Sen. Dick Durbin, D-Ill., the chair of the Senate Judiciary Committee, noted that lack of diversity in the Seventh Circuit in his statement.

“As a former federal public defender, Ms. Jackson-Akiwumi brings with her an important perspective that is a valuable asset to the judiciary,” he said.

Jackson-Akiwumi, 41, is a partner at Zuckerman Spaeder LLP in Washington focusing on white collar criminal defense and complex civil litigation.

Jackson-Akiwumi, worked in Chicago from 2010 to 2020 as a staff attorney at the federal defender program in the Northern District of Illinois. There, the White House said, she “represented more than 400 indigent clients accused of federal crimes at every stage of the process, from investigation to trial, sentencing, and appeal.”
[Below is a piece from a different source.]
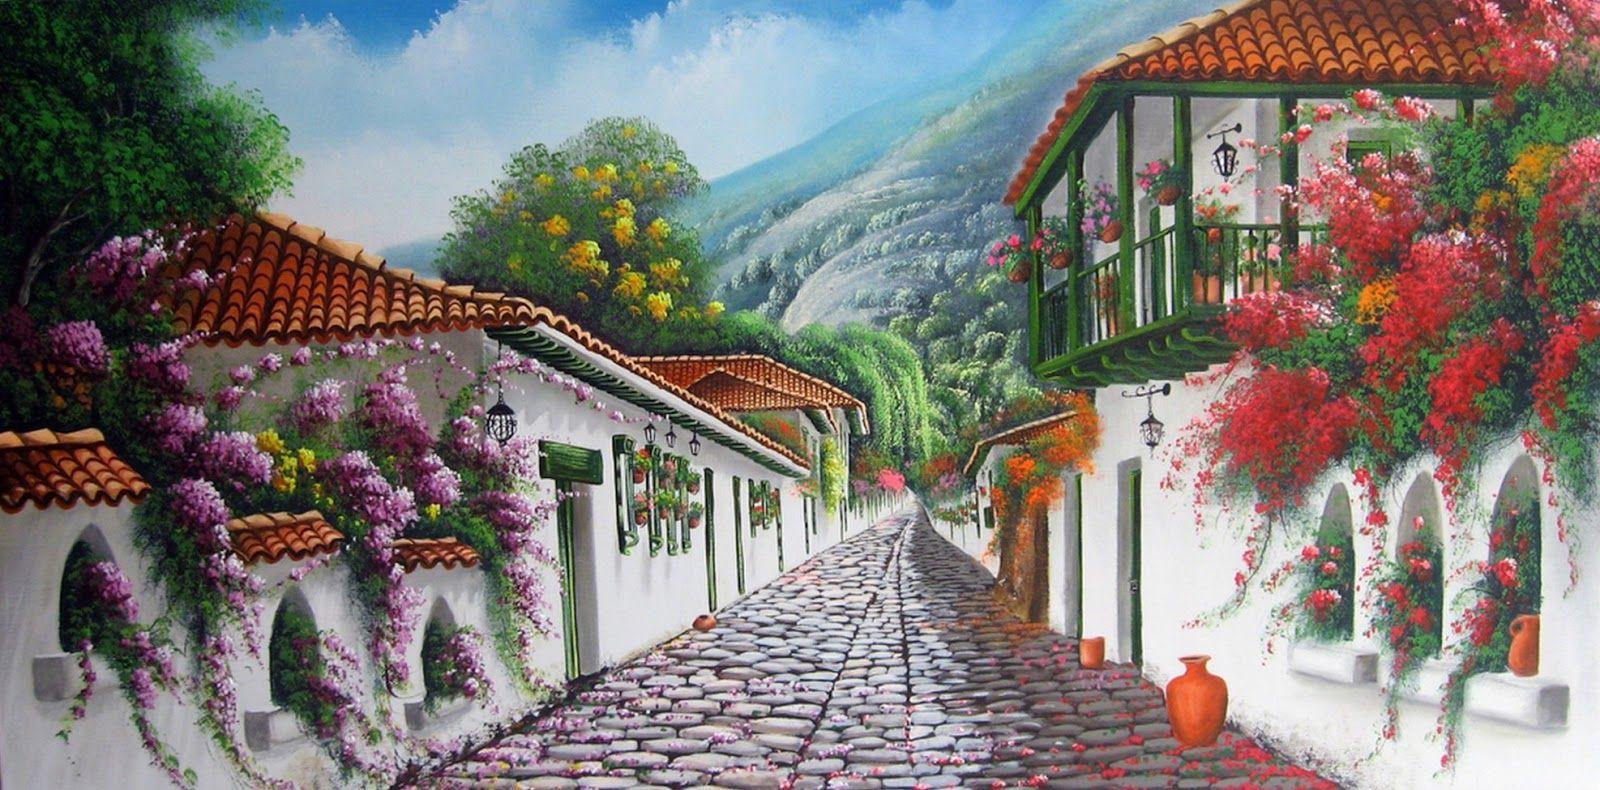 Paisajes y Bodegones en Pintura: José Raúl Rodríguez Galán | arte ...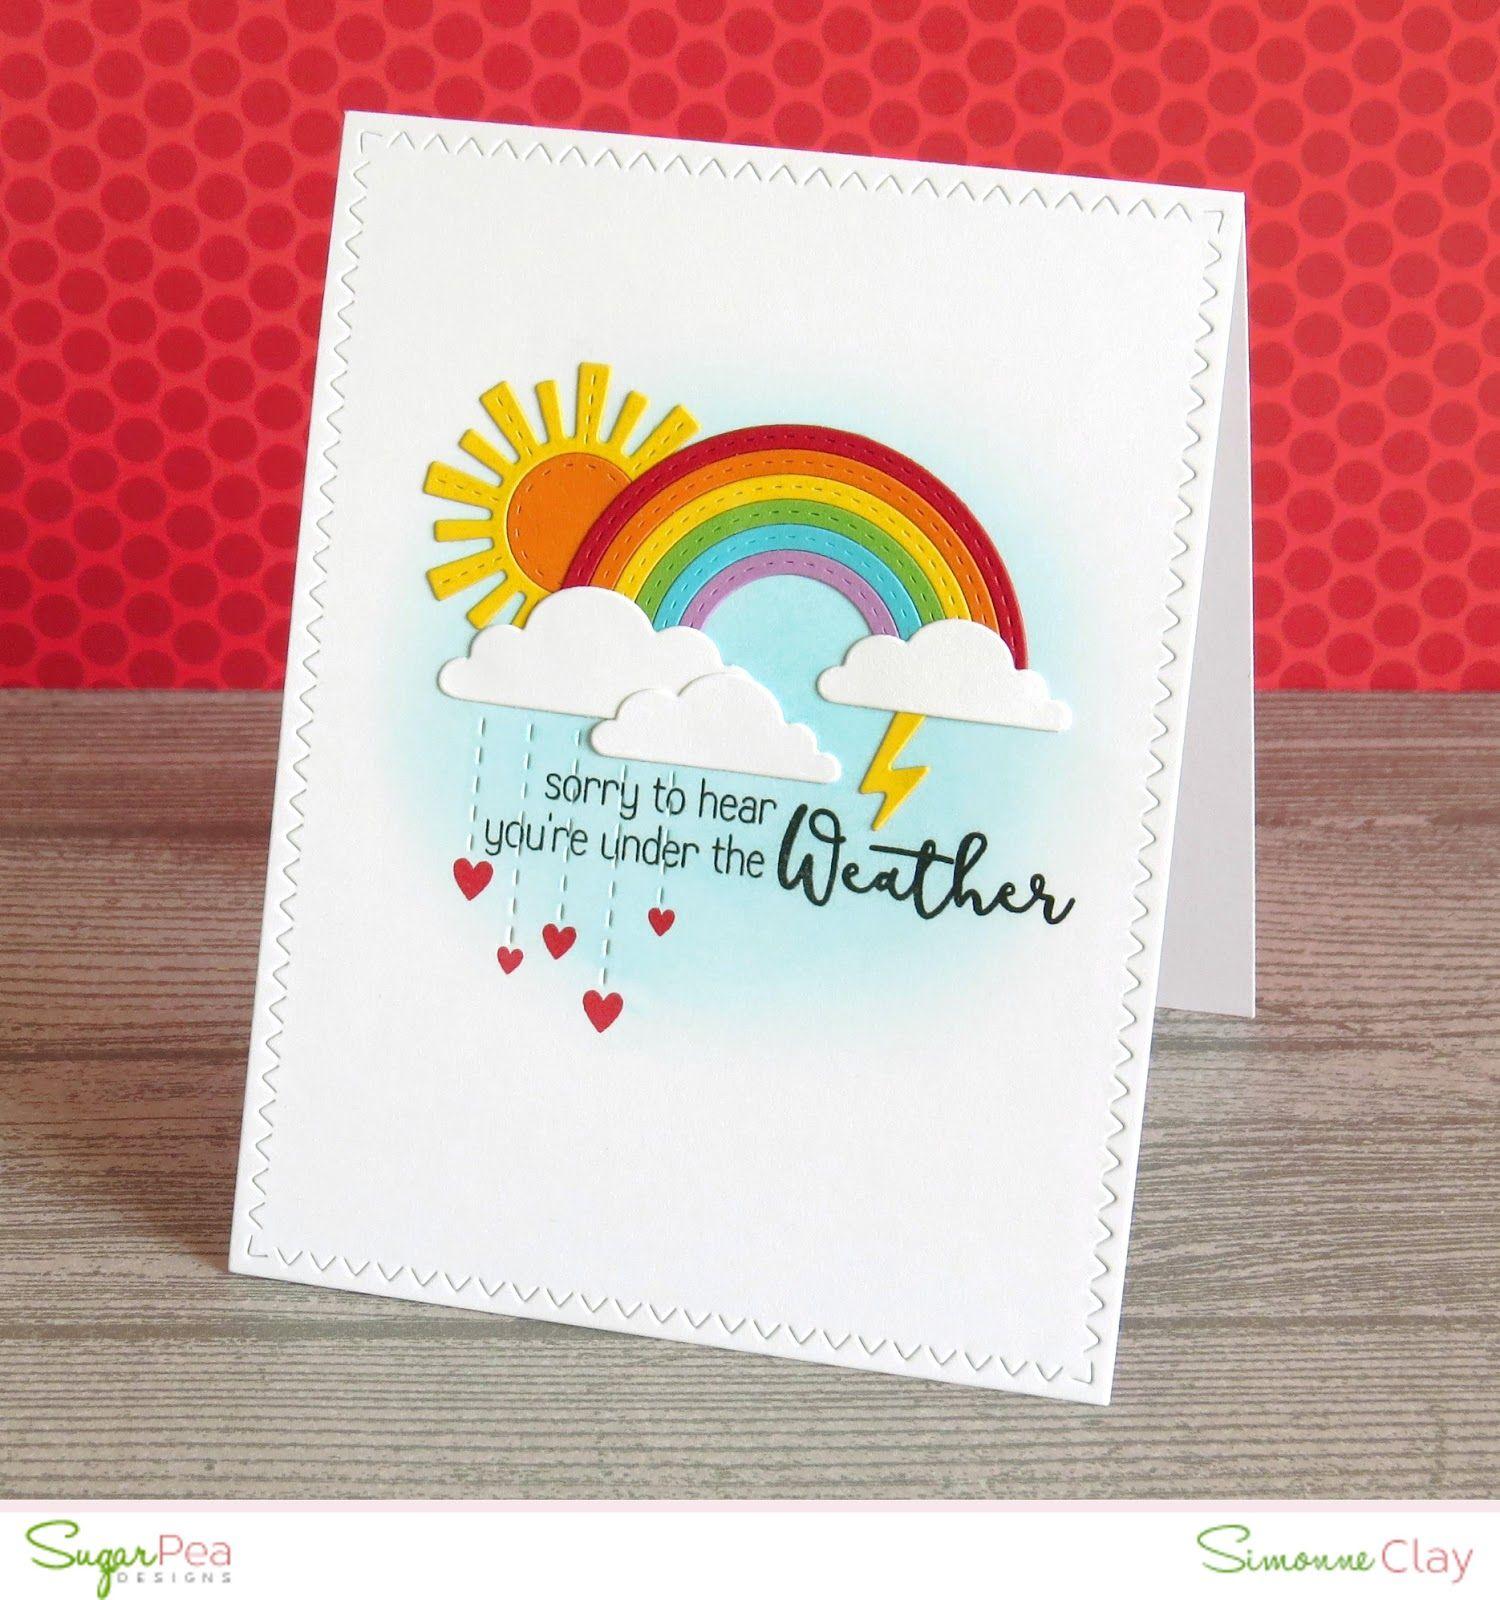 Semseeus sparkly scribblings card display ideas pinterest

In a biography posted on the website of the Yale Law School — where she graduated in 2005 — Jackson-Akiwumi said of her public defender job: “I work harder and longer hours than I did as a law firm associate. But I do not mind the harder work, longer hours and lower pay because my job has meaning to me. I provide quality representation to people who would not be able to afford it, and I am there for clients at a most dreary and frightening juncture: when they are being judged for the worst day or days in their life.”

Before that, she was a litigation associate at the Chicago office of Skadden, Arps, Slate, Meagher & Flom from 2007 to 2010.

Jackson-Akiwumi received her undergraduate degree from Princeton University in 2000. She would replace Judge Joel Flaum, who took senior status in November.

Tiffany Cunningham, an intellectual and patent attorney, who is a partner at Perkins Coie LLP in Chicago, was nominated for a seat on the U.S. Court of Appeals for the Federal Circuit in Washington.

Tiffany Cunningham

Courtesy of Perkins Coie

As for Cunningham, she joined Perkins Coie in 2014.  She has handled trial and appellate cases “for large multinational companies, as well as small enterprises, and individuals in complex patent and trade secret disputes,” according to a White House biography.

She previously was a partner at Kirkland & Ellis LLP, joining the firm in 2002 as an associate. She became a partner in 2007 and left in 2014.

Cunningham received her undergraduate degree in 1998 from the Massachusetts Institute of Technology, where she majored in chemical engineering. She is a 2001 graduate of Harvard Law School.